The word administrator is derived from a Latin root which means to serve. The word manager is
a similar case, being derived from a Latin root which implies hands-on direction (notice, manual,
manipulate).

The work of administrators, particularly museum administration, is multifaceted, and includes: Human
resources, finance, marketing, law, technological competence, among many other skills. While in the
past museum curators were expected to be specialists, to a certain extent, the modern era demands
generals workers to perform and compete in the field. These generalist skills can be honed via
education and volunteer work, and our professor Dr. Bachman spent a number of years learning the
basics of the discipline in Wyoming. She also comments that one should be learning continually.

These days many museums are woefully understaffed, suffering budget cuts or chronic underfunding.
Departments across academia have largely been Balkanized, meaning they've divided up into many
smaller and well defined segments: People assembling exhibits may not necessarily be the folks
maintaining archives, etc., which only further increases the need for generalist administrators who can
handle all segments of the process.

Museums have a number of functions. The primary is as a voluntary education outlet for interested
citizens, a compliment to public and private education. Moreover, they're meant to preserve material
culture, insomuch as preservation can happen outside of the context the item was developed and used
within, and to entertain or provide aesthetic stimulation. They are/should be staffed by professionals.
An introductory text defines a museum as follows:

An organized and permanent non-profit and essentially educational or aesthetic organization that
owns, preserves, and displays objects on a regular schedule.
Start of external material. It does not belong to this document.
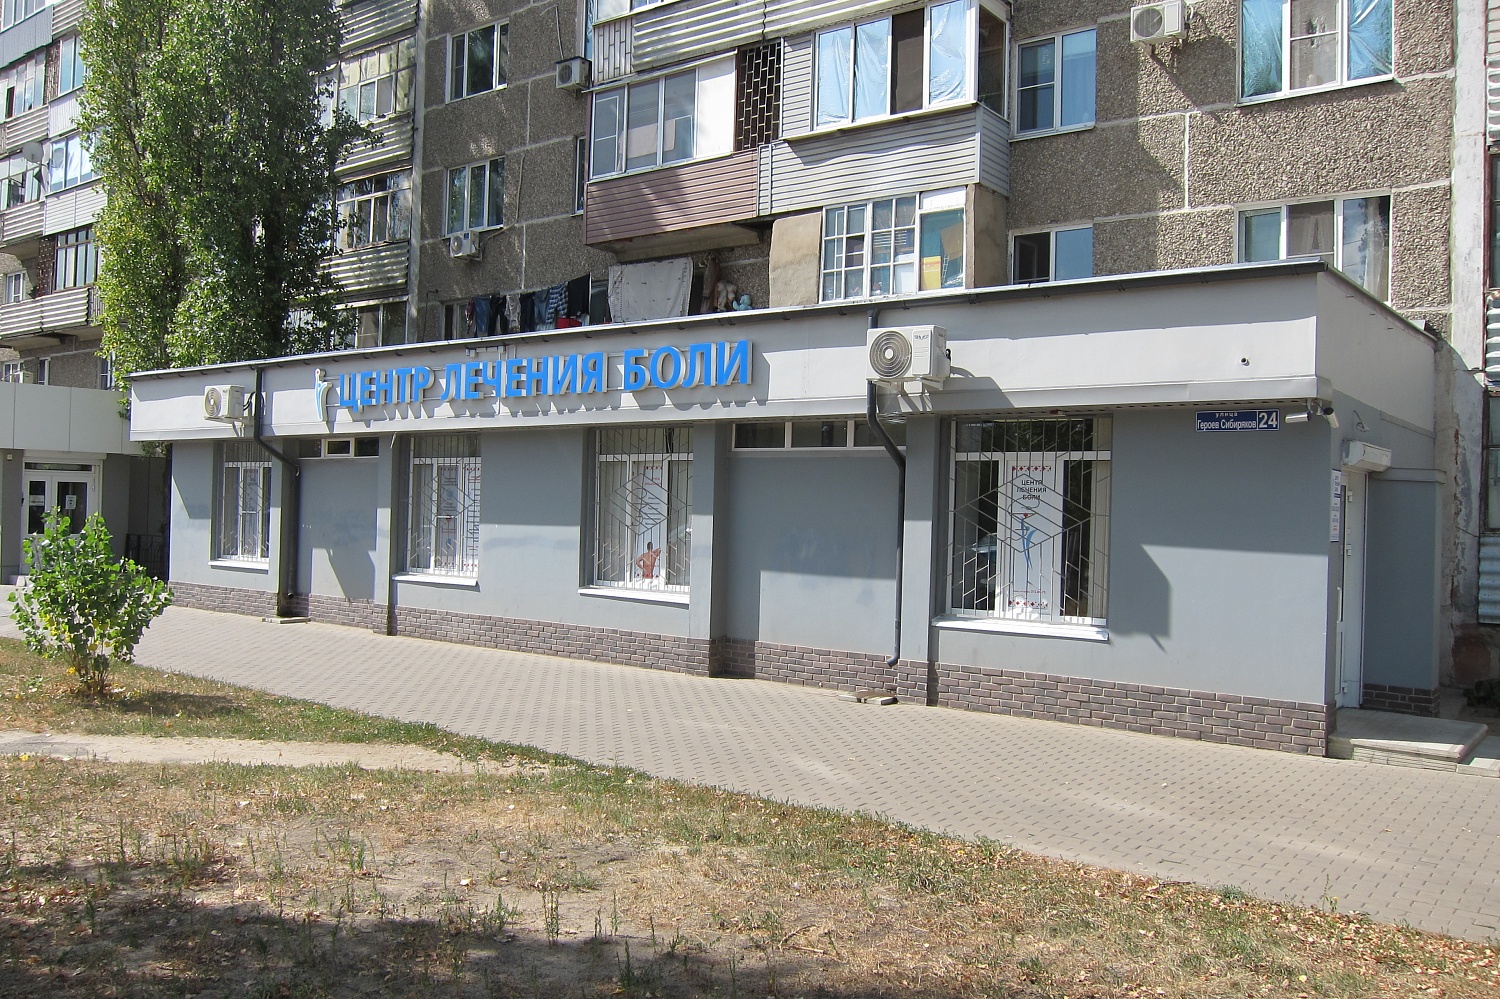 Открылся новый филиал клиники по адресу ул. Героев Сибиряков, 24 (ост. "Мелодия")

The problem of preserving context in these items is much discussed: NAGPRA (the Native American
Graves Preservation and Repatriation Act) limits what can be taken and displayed without express
permission from a tribal government due to generally Amerind perspectives on the purpose of material
culture. Much of this discussion centers on what is art. ((It's my personal opinion that once
something from a non-Western and sometimes Western culture, it's no longer art. A mask used in a
ritual dance is permanently removed from the dancing and chanting that once accompanied it, etc.))

Assignment for Tuesday:

>Find and bring in a mission statement from any given organization. It does not need printed or turned
in.
>Attempt to rewrite or reword the mission statement of SIUC's museum.